You will need a ruler to complete this lab
I. Abstract: what you did, why you did it, what you found out. Have a brief summary of the whole exercise, briefly cover the main concepts of the lab, and then state the most important numerical results. There will be many numerical results, so be selective of what goes here.
II. Procedure: a complete narrative of the "events" of the lab, think of this as a travelogue of the exercise, complete with the necessary theory along the way to give the material its proper context, this includes the equations used, although you will not be including any data in this section.
III. Data and Anaylsis: this will be a complete reproduction of ALL of the data, and there will be a lot of it. Please organize it well, and make it neat and easy to read. Also include sample calculations and the algebra from part V.g. (more on this later).
IV. Discussion: Since the data speak for themselves in this lab, you are not required to write any further discussion of your calculations. Instead, I would like you to select one topic from the list of six topics on the last two pages of the hand-out. Select a topic and write about 2 paragraphs in the discussion section telling your reader about the topic, and also relating it to the overall lab.

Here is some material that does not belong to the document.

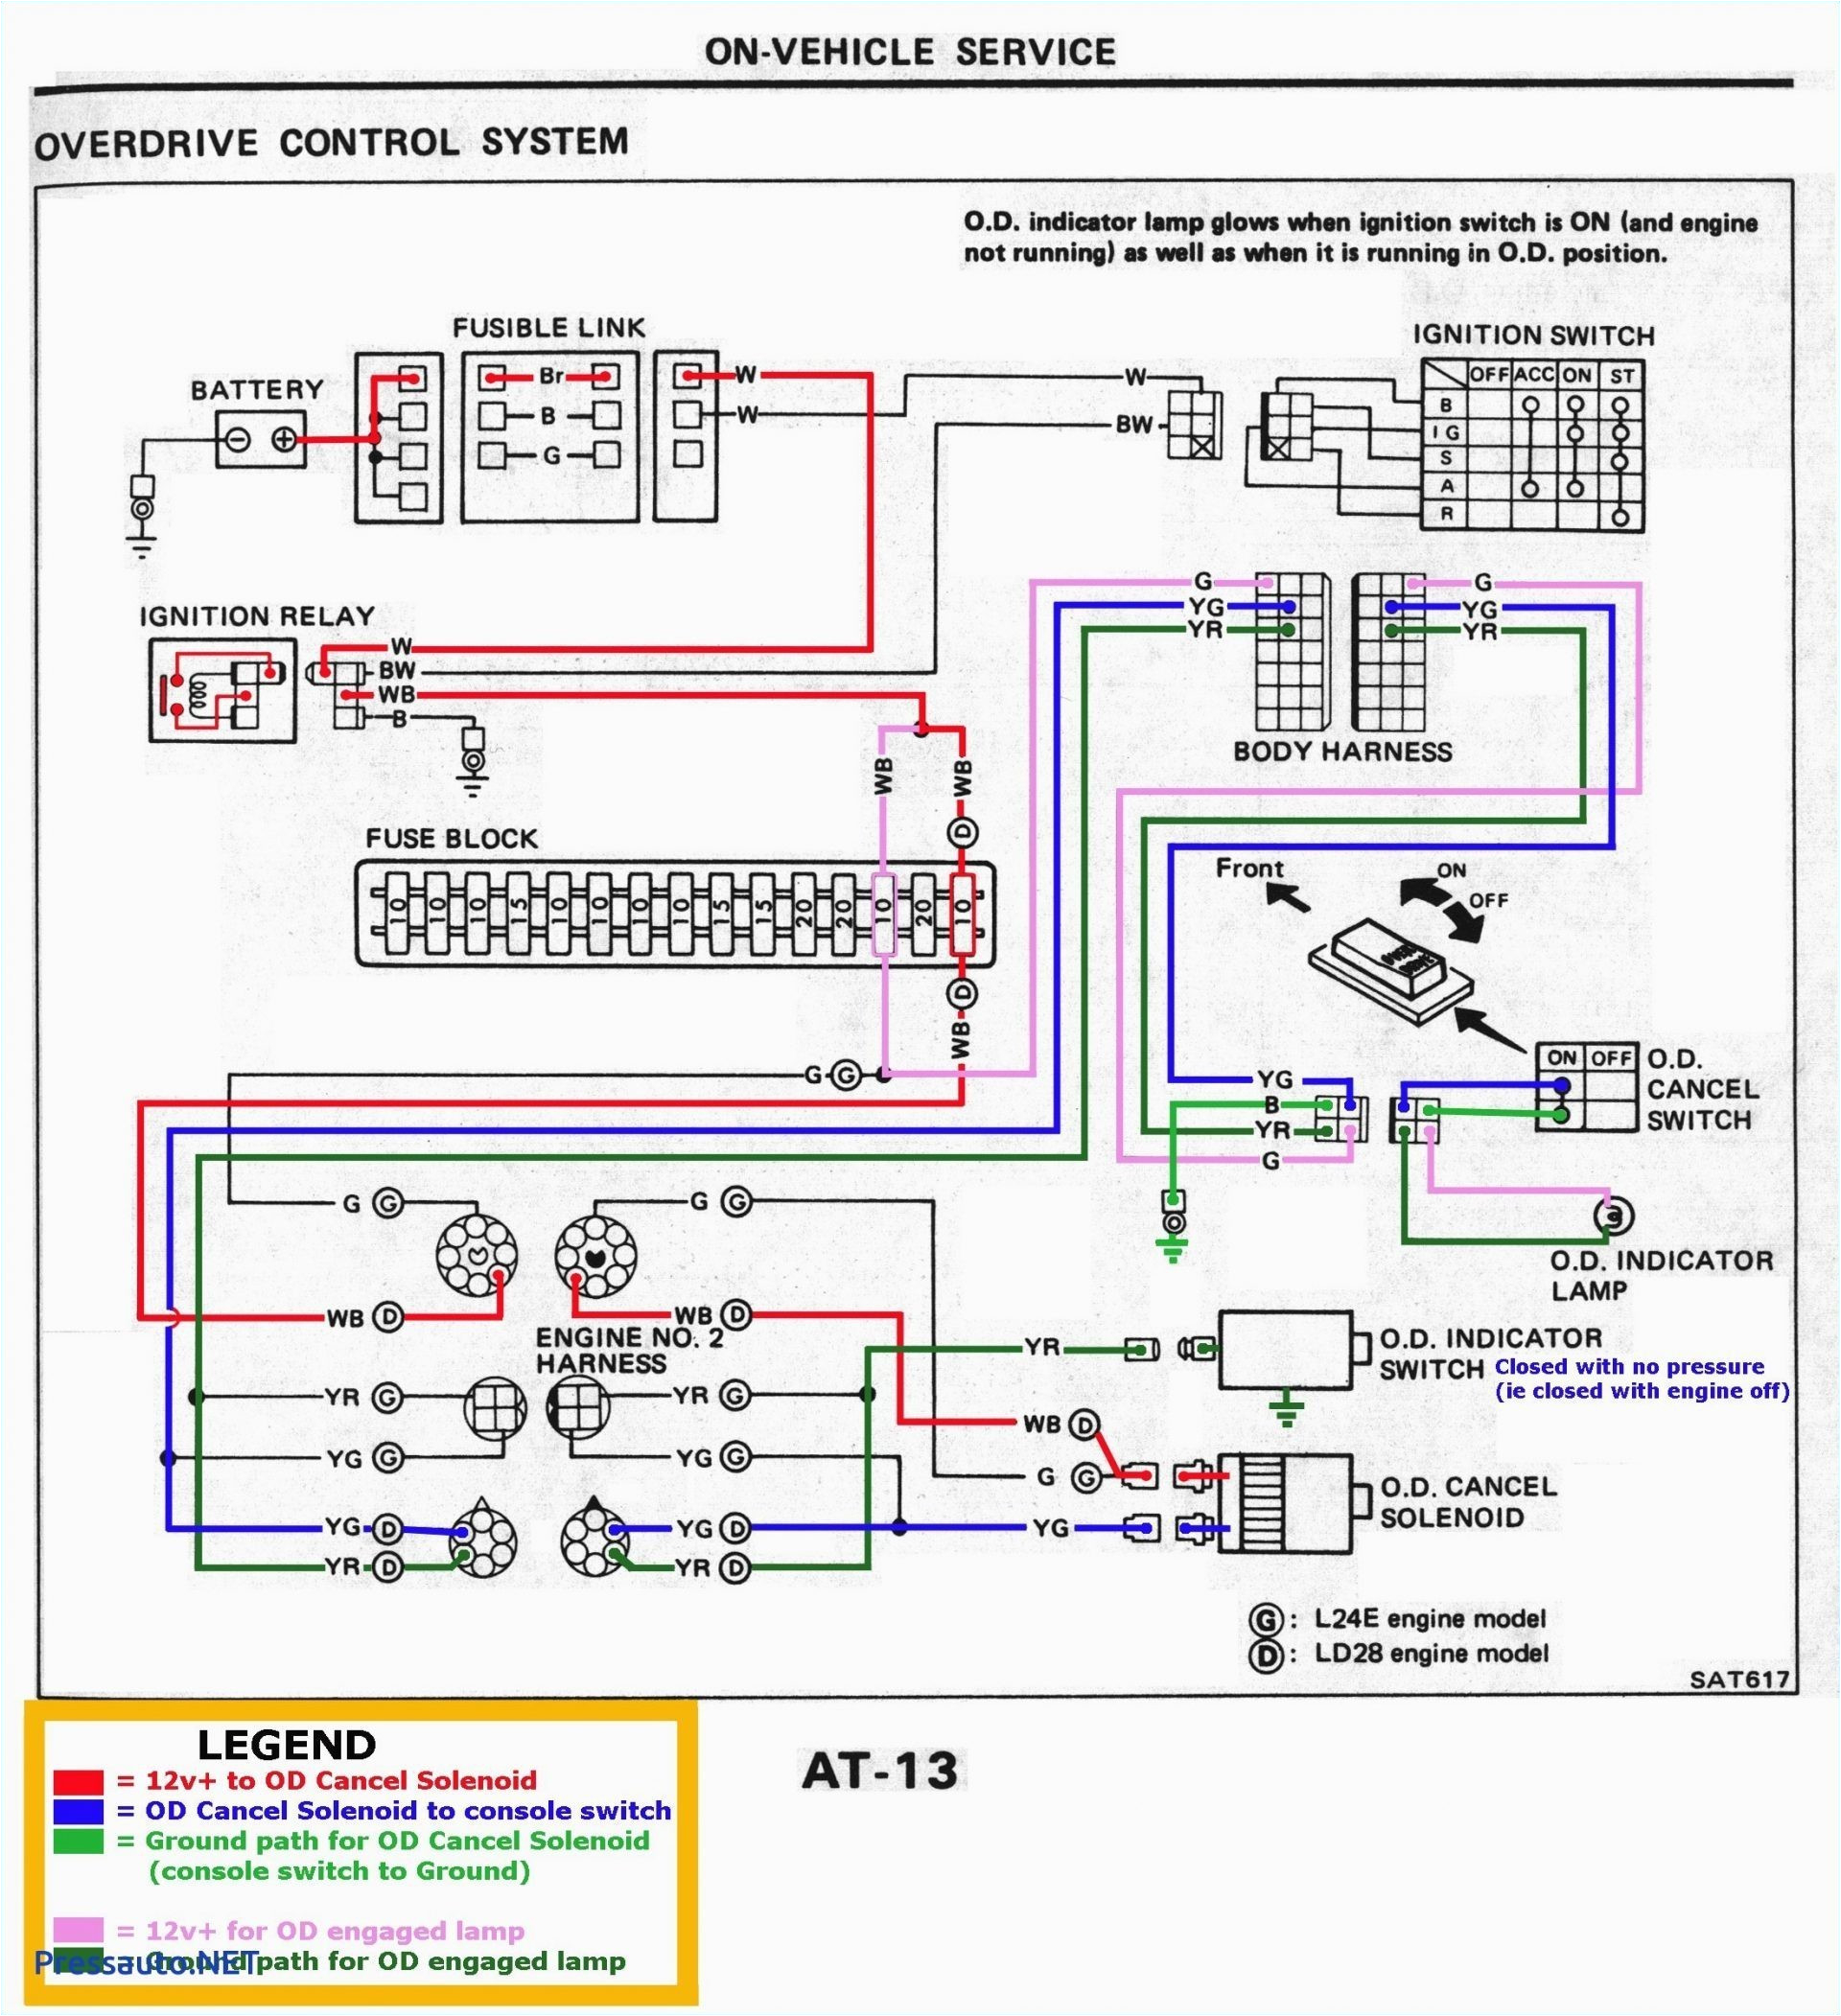 light switch dodge neon schematic wiring diagram files light switch dodge neon schematic

Other topics (e.g., how the moon was formed, or other impact craters on the earth) will be accepted, as long as they pertain to craters and impacts and are pre-approved by me.
V. Data Pages: this is just the completed hand-out, with your notes and stuff
Finally, I would like draw your attention to a rule-of-thumb from Section V of the hand-out. It states that the relationship between the diameter of a crater (D), and the diameter of the impactor that created the crater (l) is a factor of ten, i.e. D~10xl. The reason I draw attention to this rule-of-thumb, is that in section V.g. you are asked to find the diameter of a impactor, and you could easily find this USING the rule-of-thumb, but I would like you to use the equations from this section to DEMONSTRATE that the rule-of-thumb is correct.